**Requirement:** Word for word, transcribe the lines below and drop the pictures.

**Supplied material:**
((
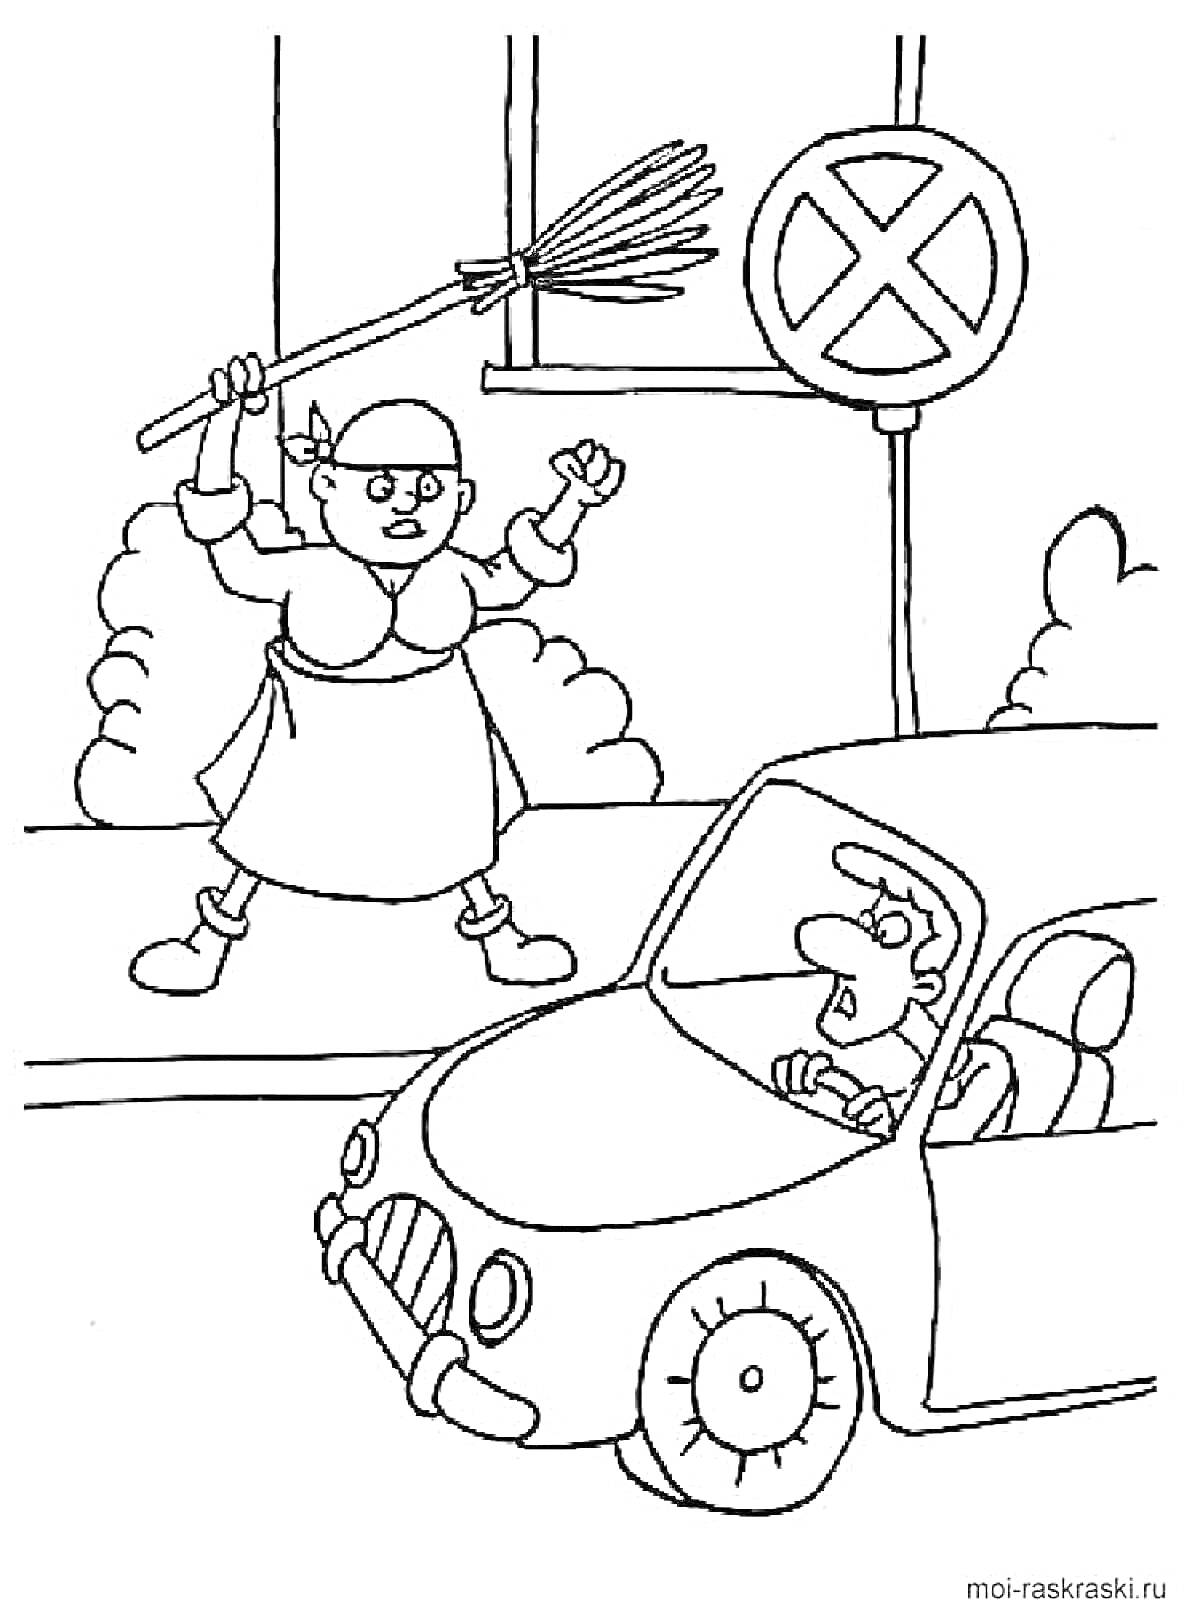 Женщина с метлой и знак 'Остановка запрещена' рядом с автомобилем
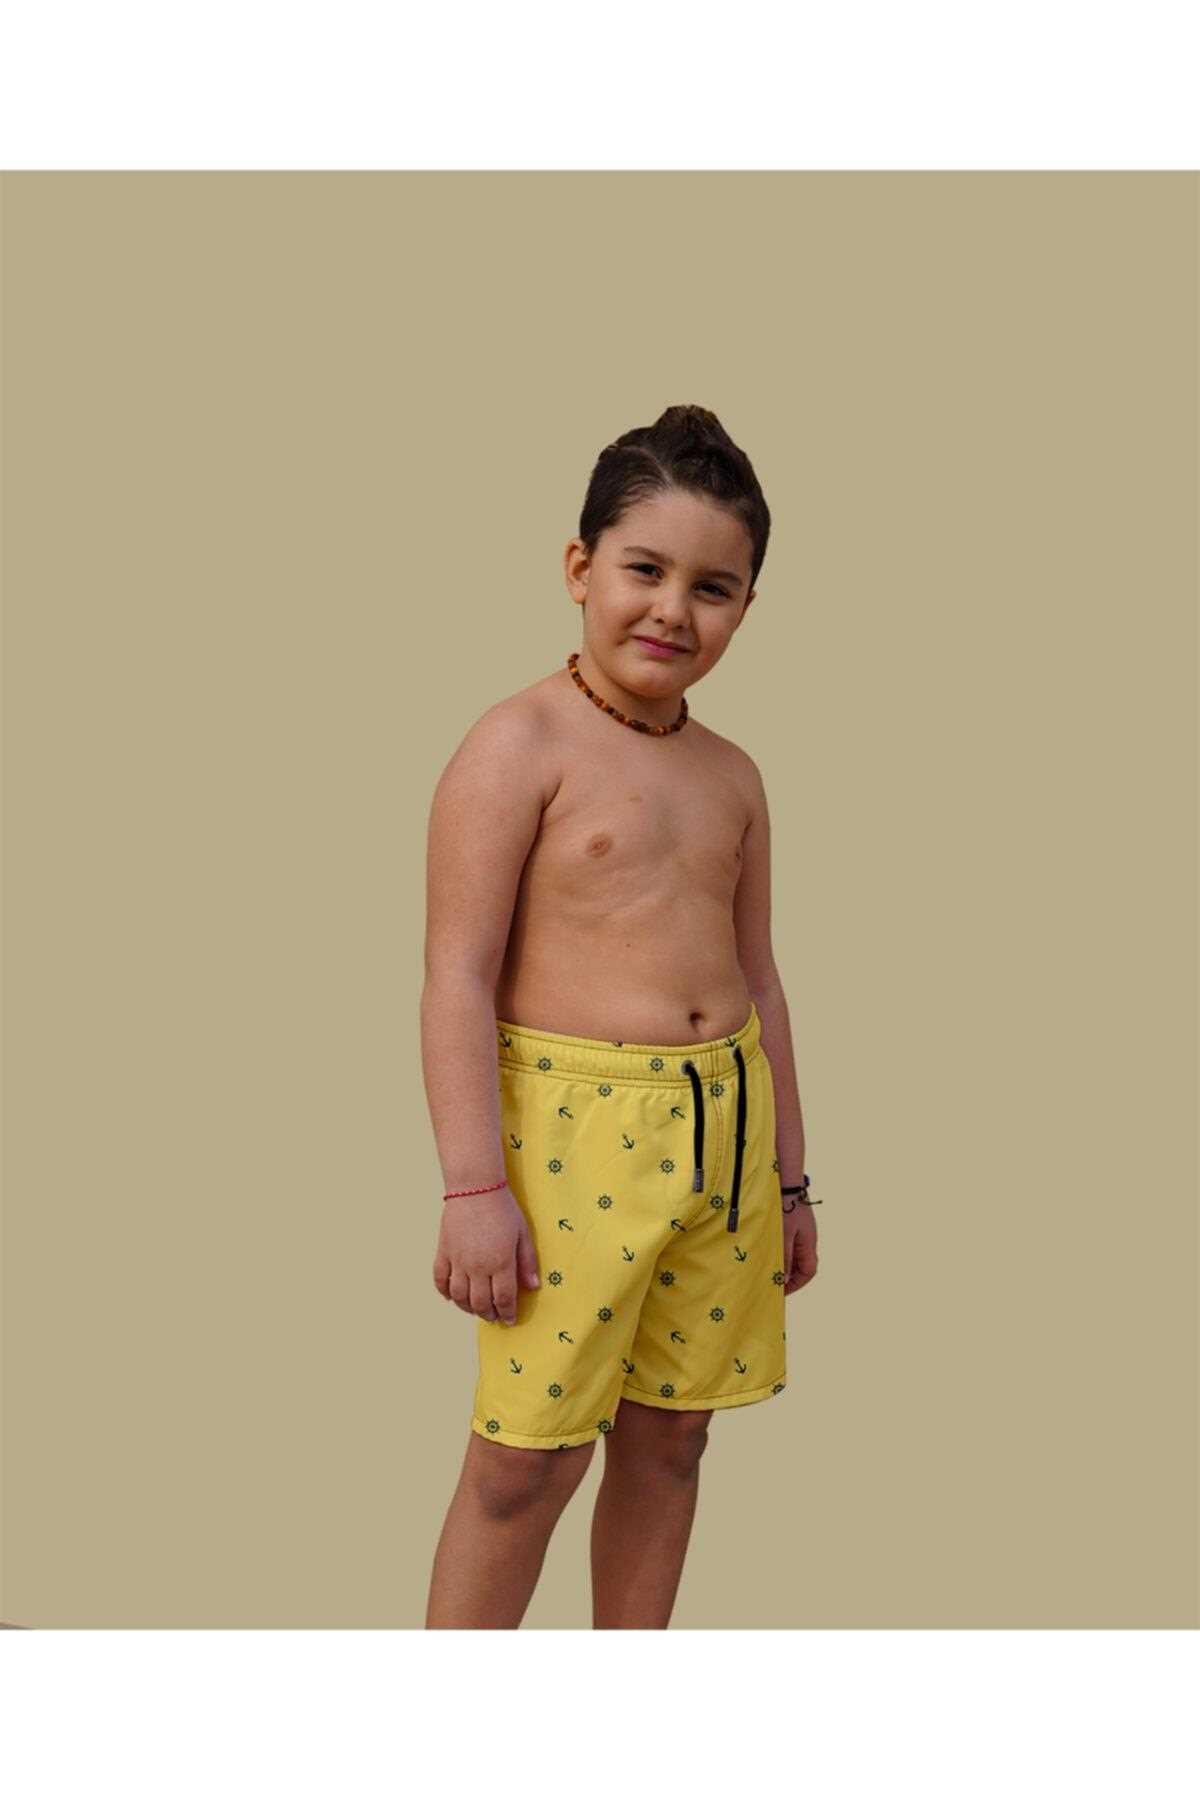 خرید انلاین مایو زیبا پسرانه شیک Miami Beach رنگ زرد کد ty104636070
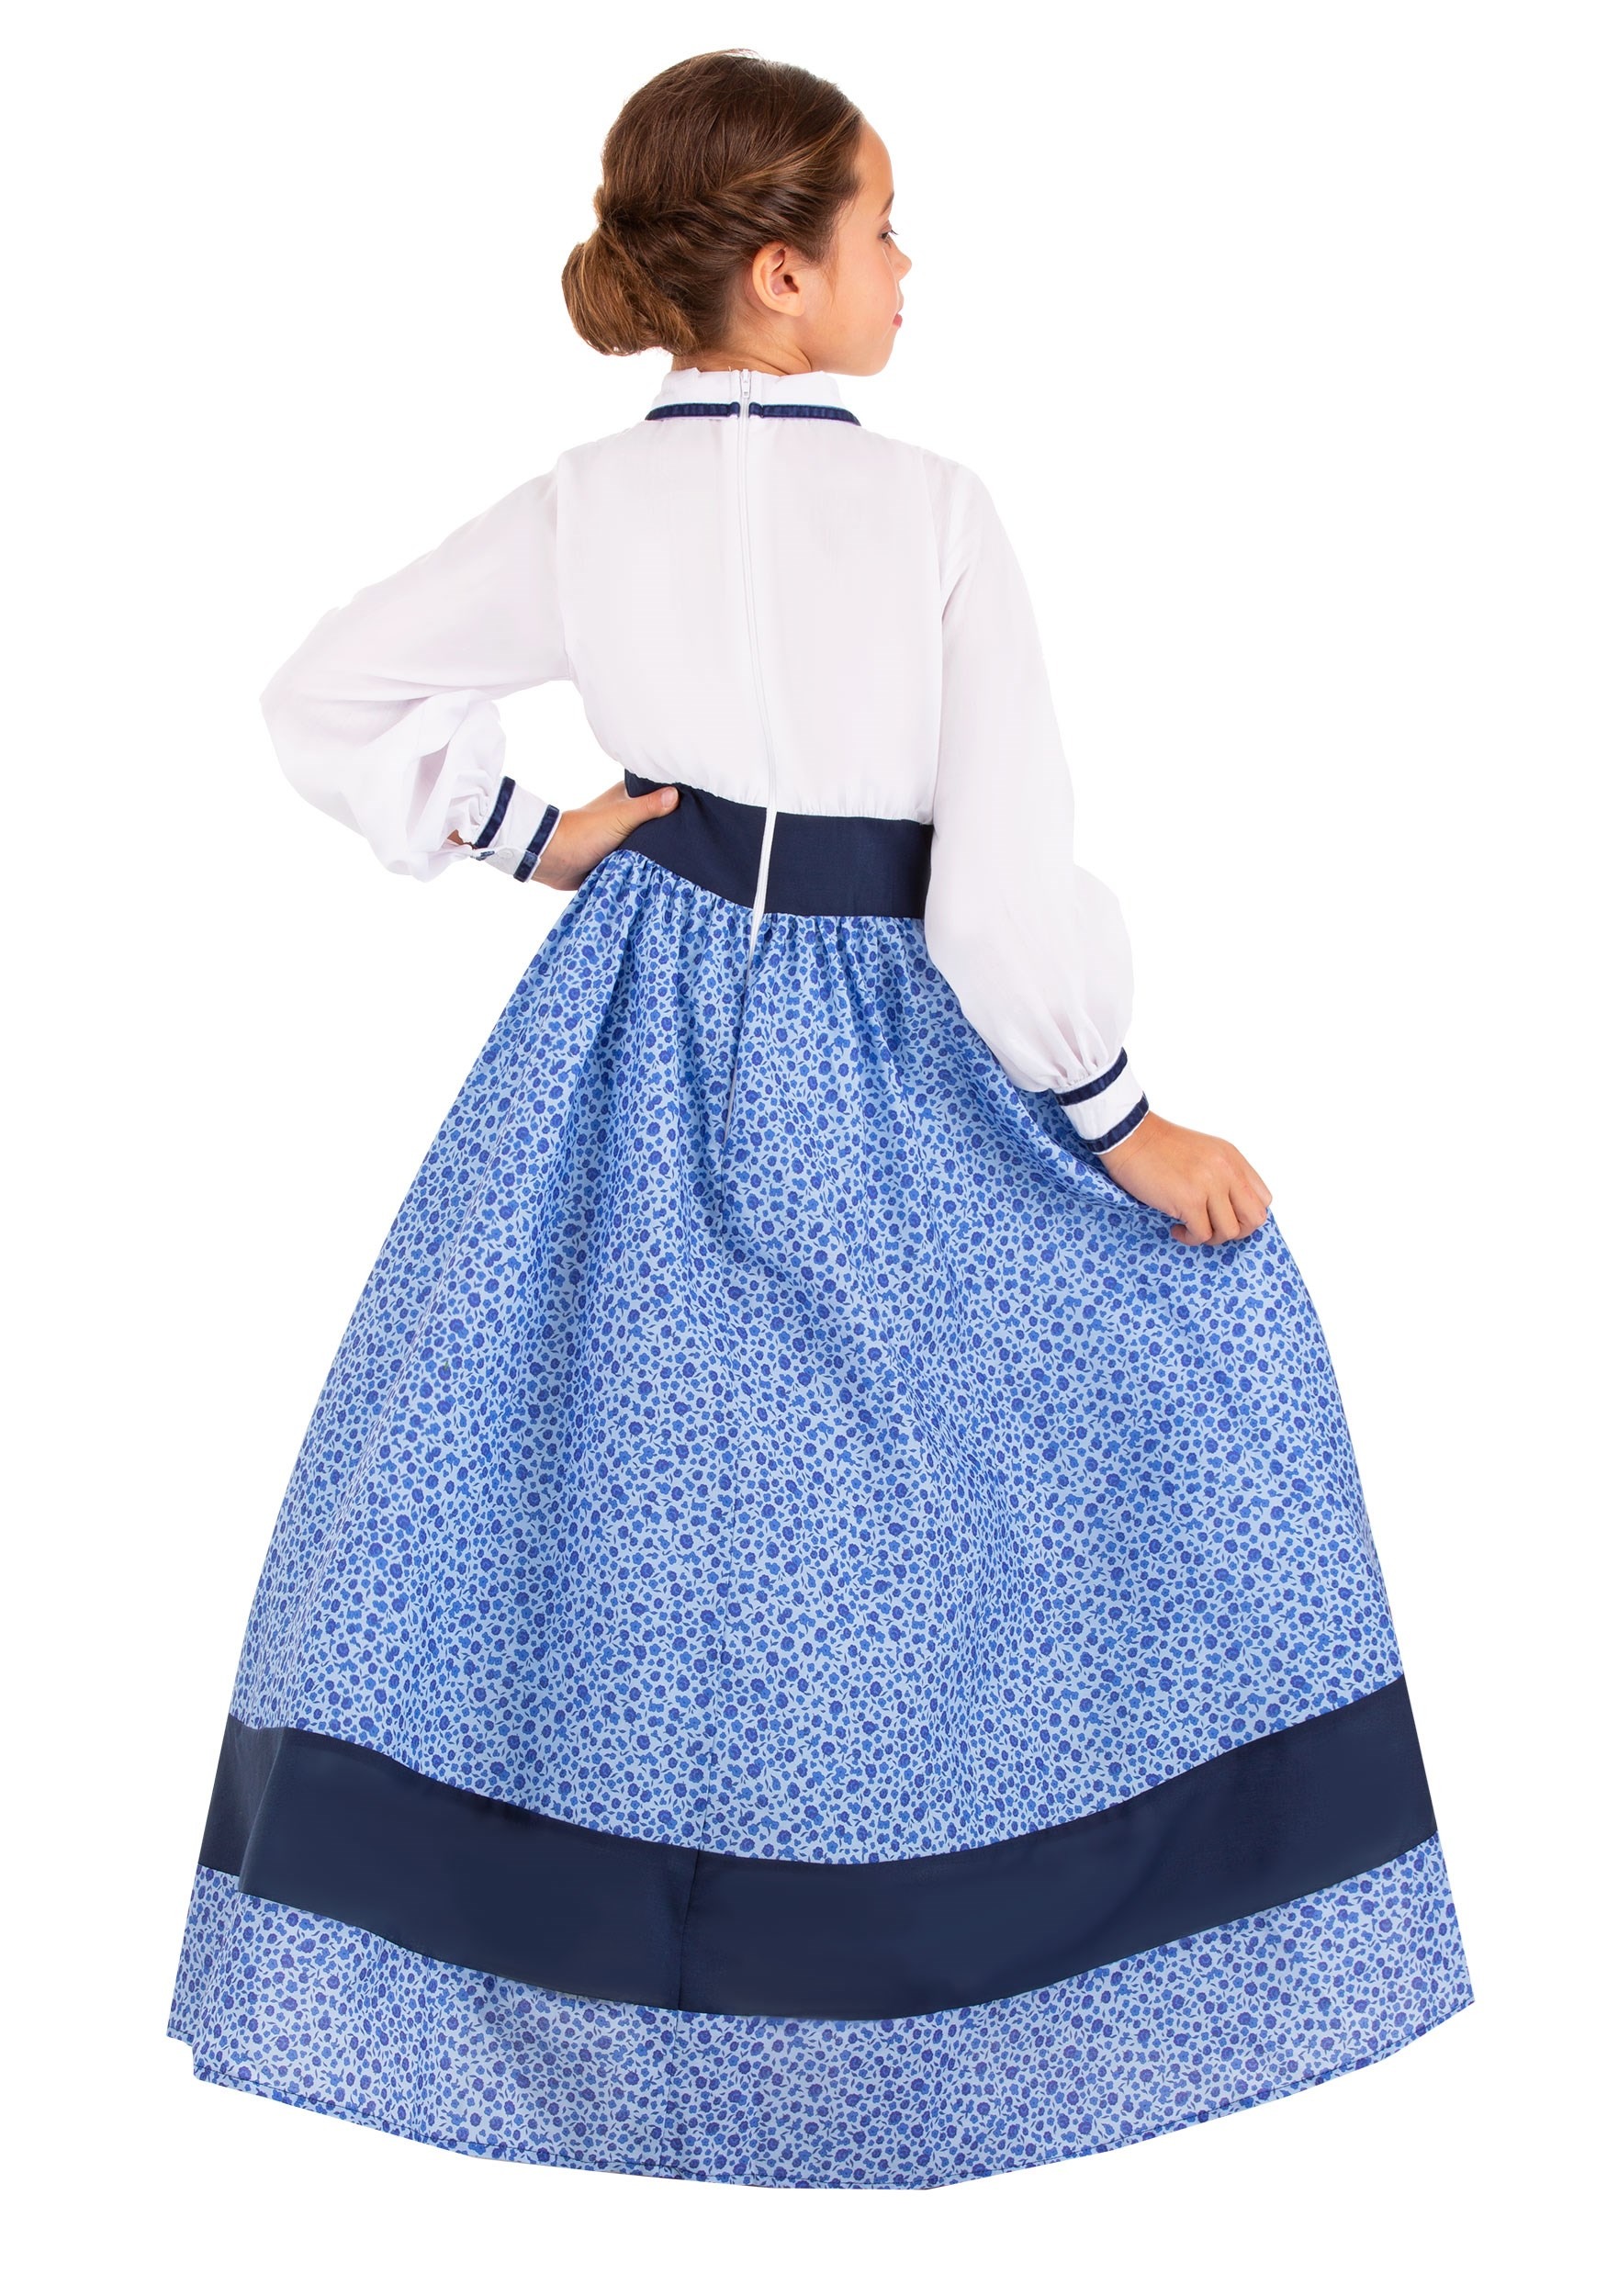 Prairie Dress Costume For Girls
))
**Written reply:**
 Женщина с метлой и знак 'Остановка запрещена' рядом с автомобилем
 خرید انلاین مایو زیبا پسرانه شیک Miami Beach رنگ زرد کد ty104636070
 Prairie Dress Costume For Girls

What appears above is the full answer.